# Description of the task
From the line containing "CyberData VoIP Card" through the last line below, copy every line exactly, leaving out the pictures.

# Given information
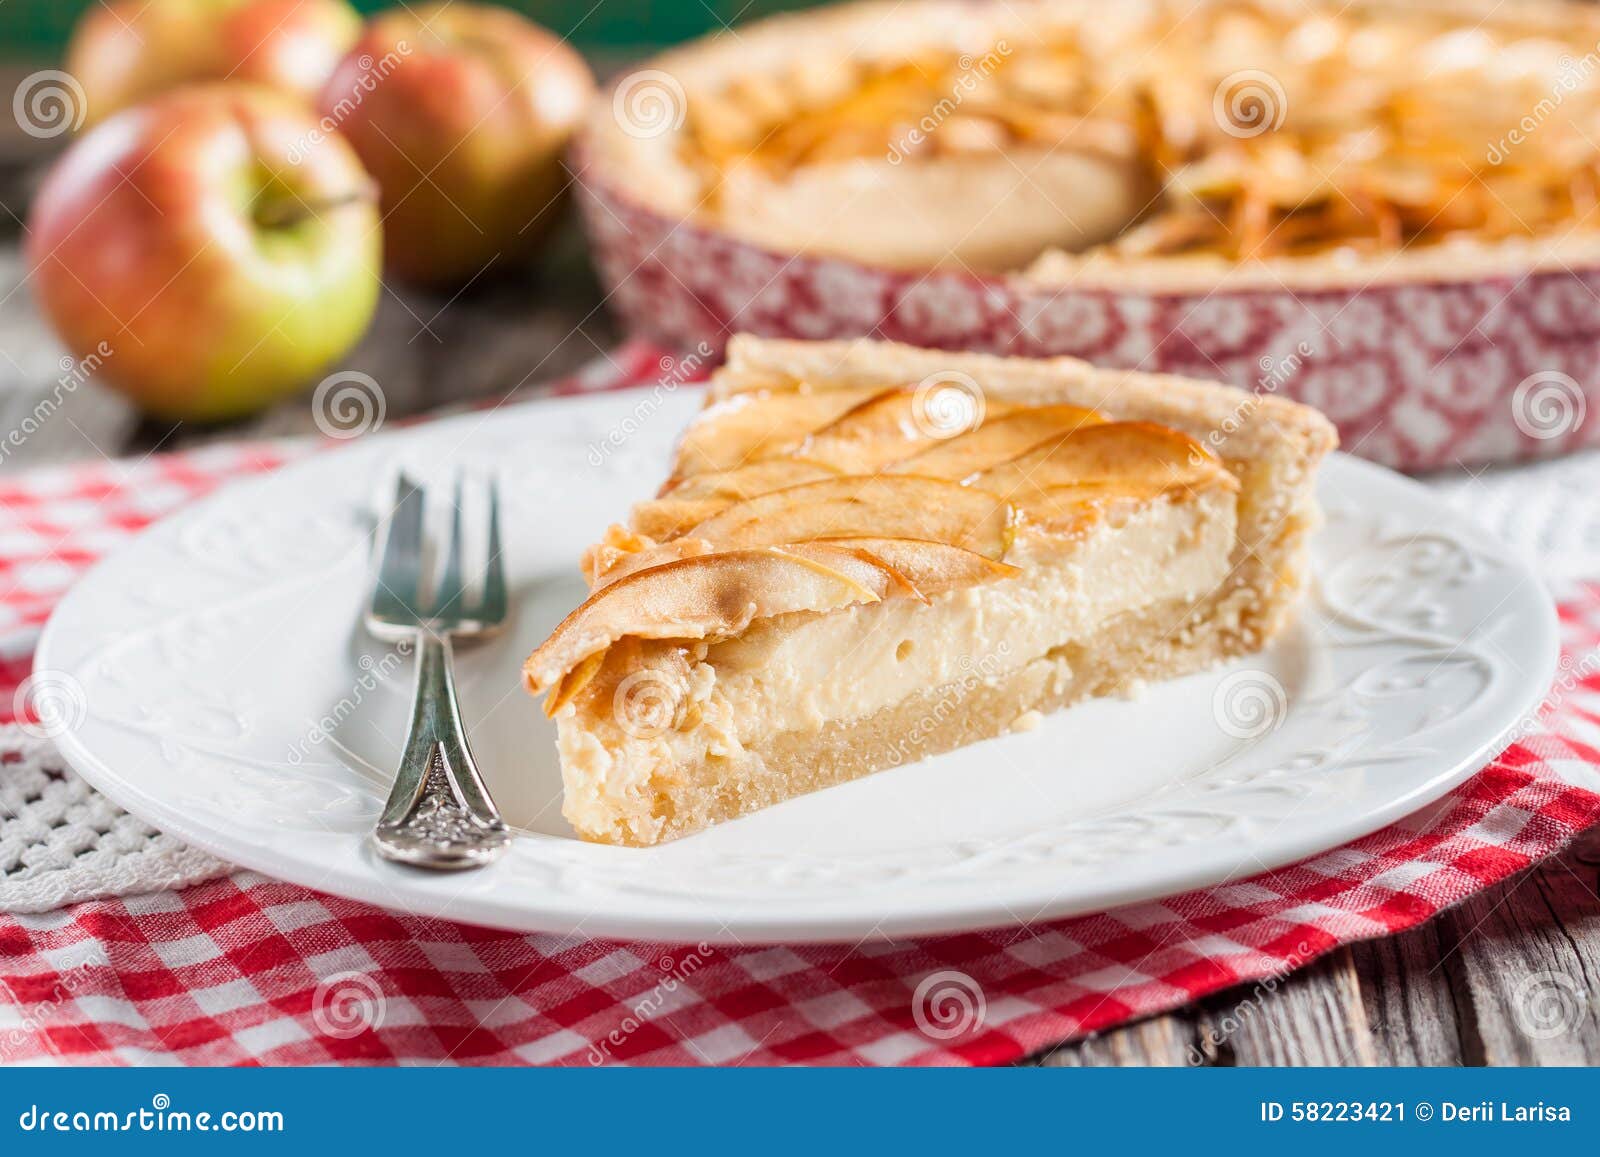 Apple Pie With Cottage Cheese Stock Image Image Of Fall Plate
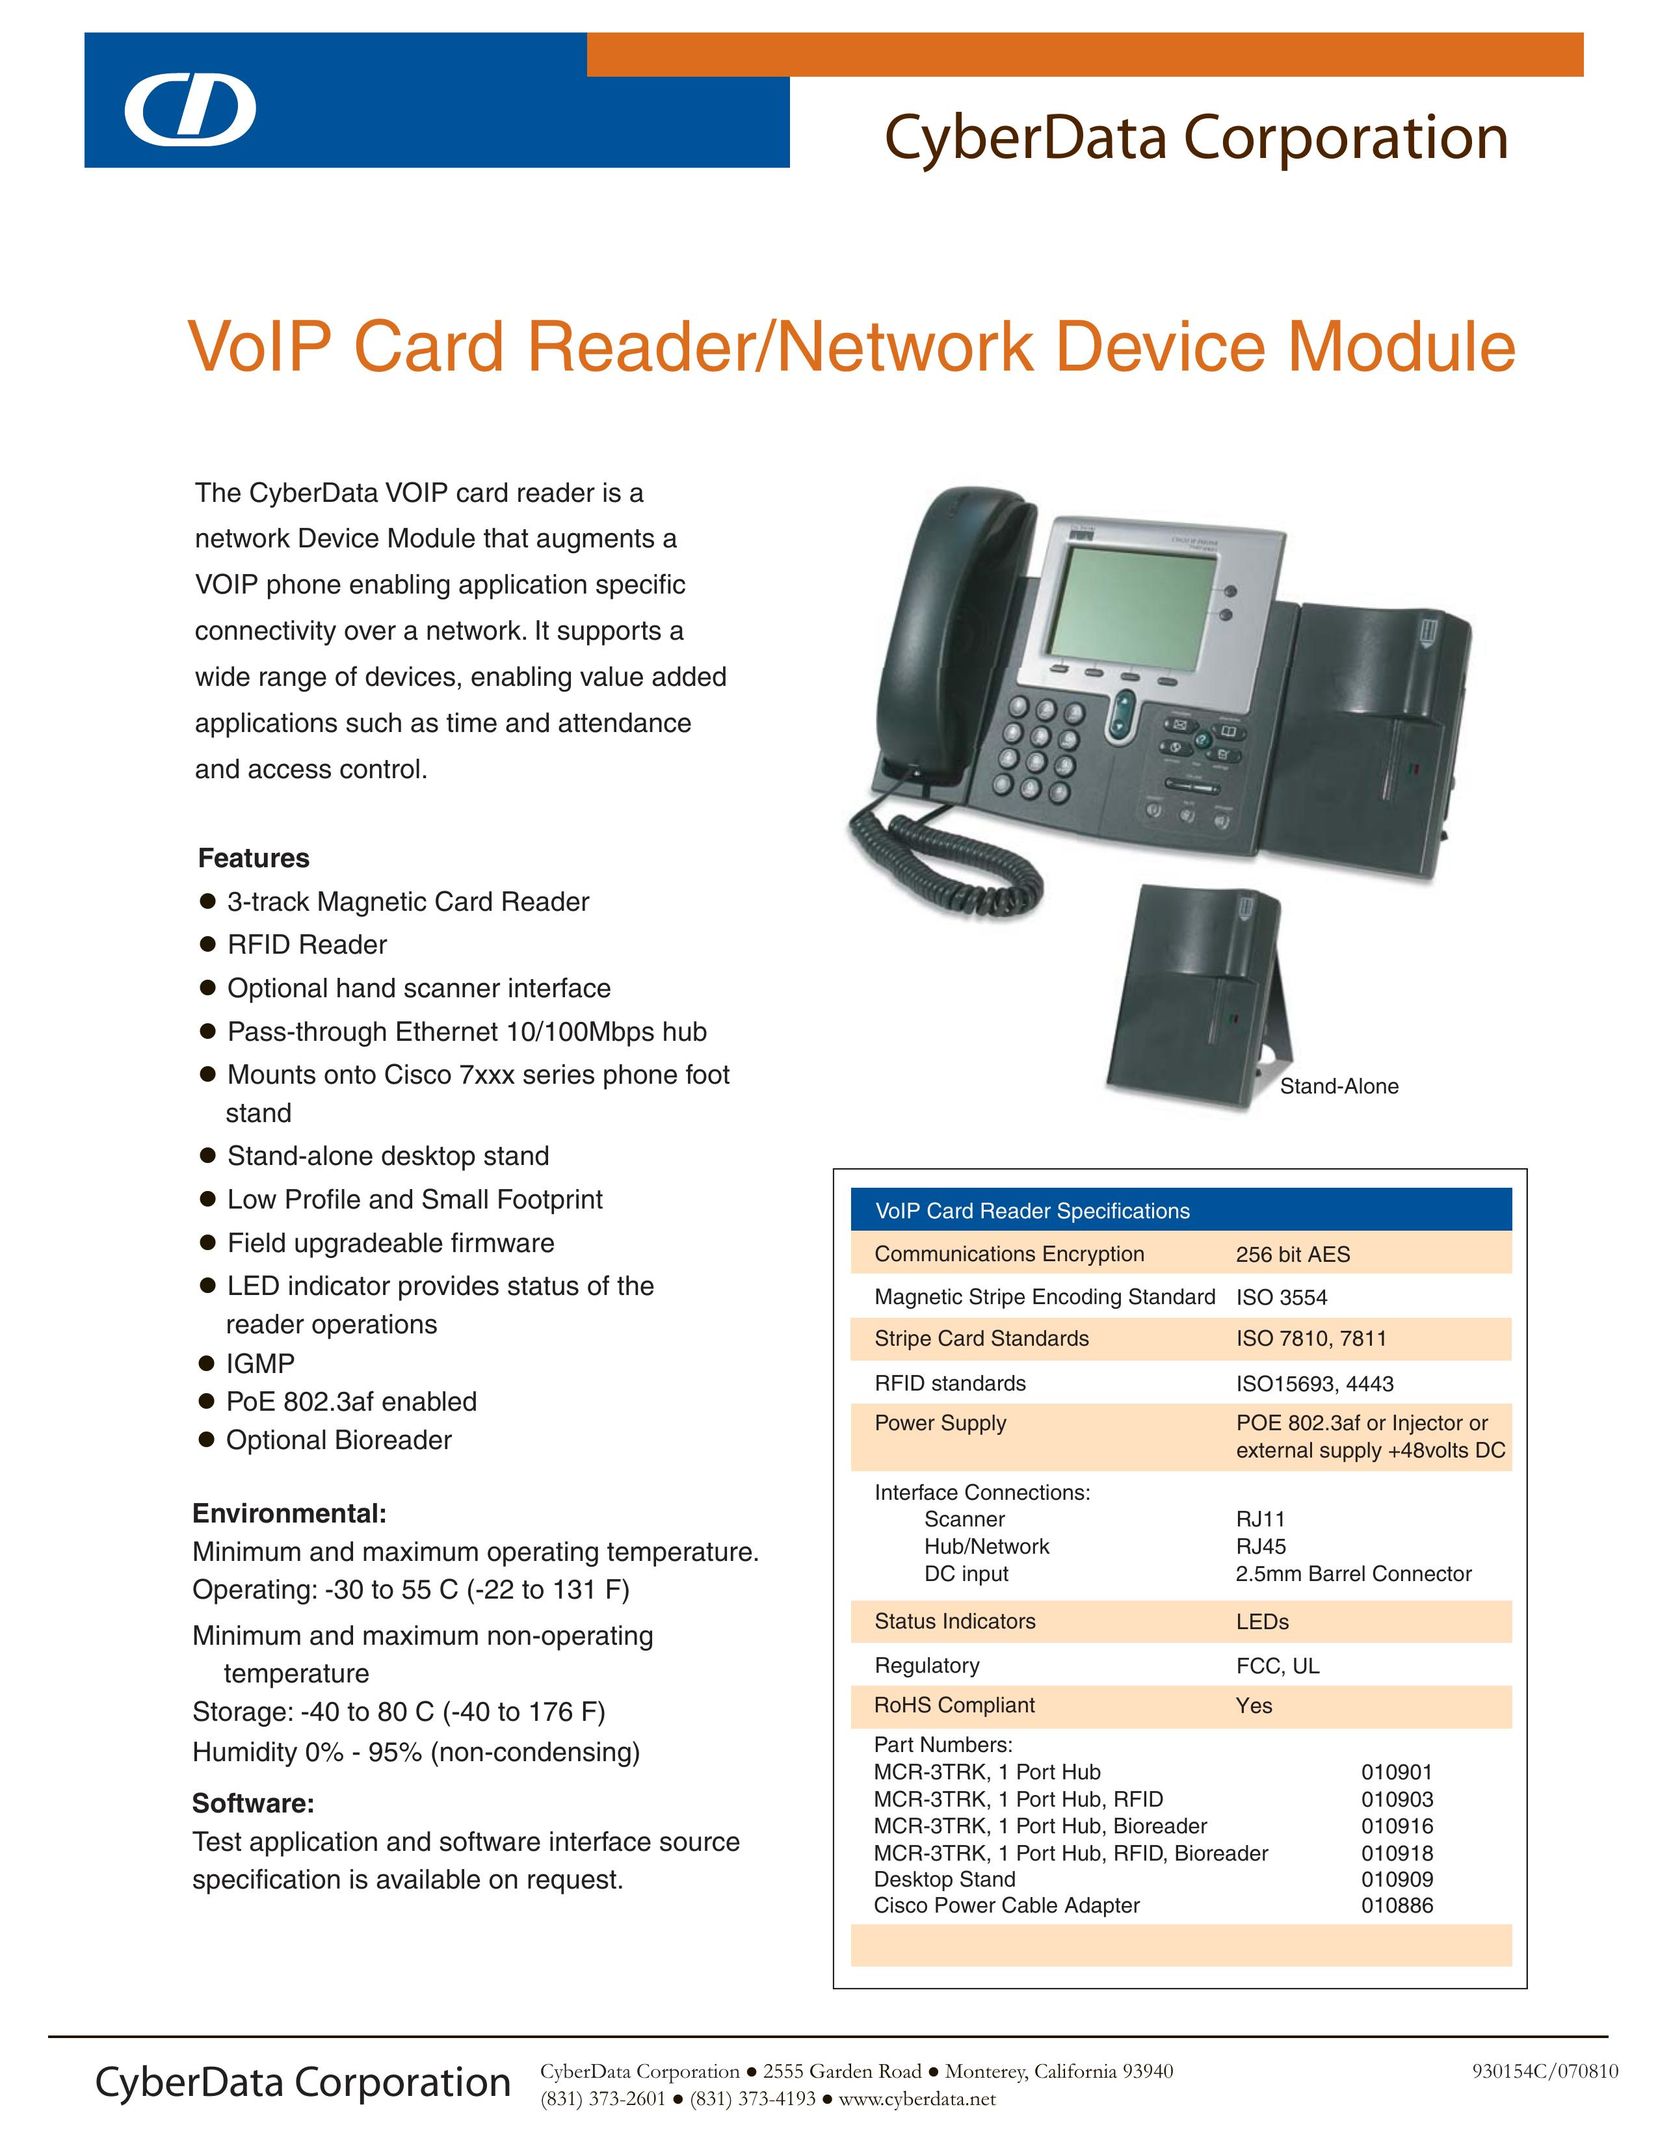 CyberData VoIP Card Reader/Network Device Module Network Card User Manual
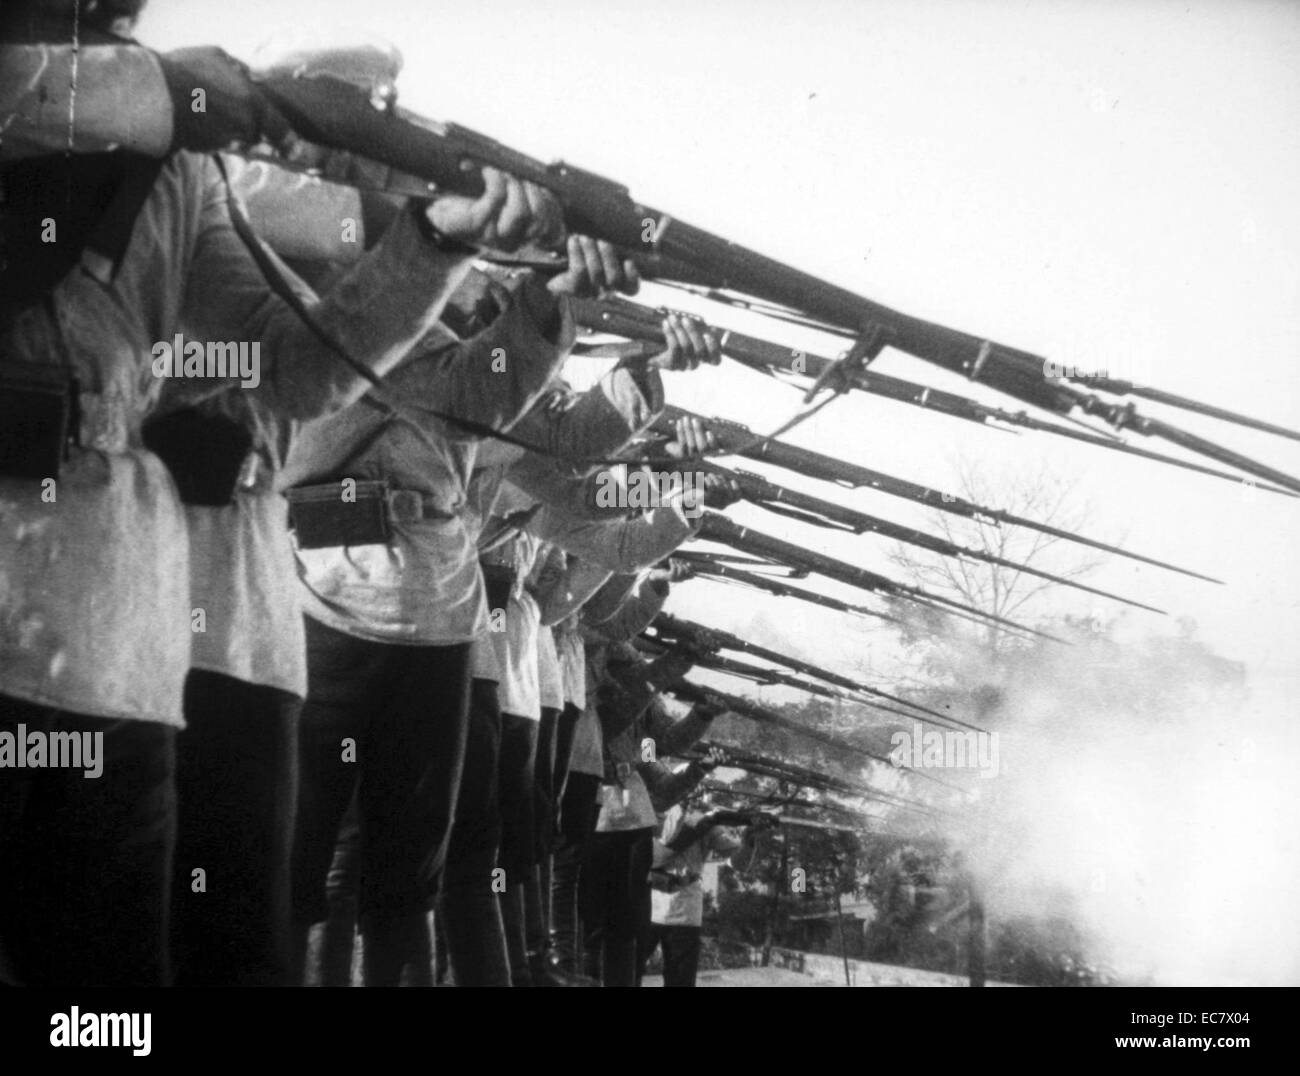 Battleship Potemkin, is a 1925 silent film directed by Sergei Eisenstein. It presents a dramatized version of the mutiny that occurred in 1905 when the crew of the Russian battleship Potemkin rebelled against their officers of the Tsarist regime Stock Photo

# Response to this task
 CyberData VoIP Card Reader/Network Device Module Network Card User Manual
 Battleship Potemkin, is a 1925 silent film directed by Sergei Eisenstein. It presents a dramatized version of the mutiny that occurred in 1905 when the crew of the Russian battleship Potemkin rebelled against their officers of the Tsarist regime Stock Photo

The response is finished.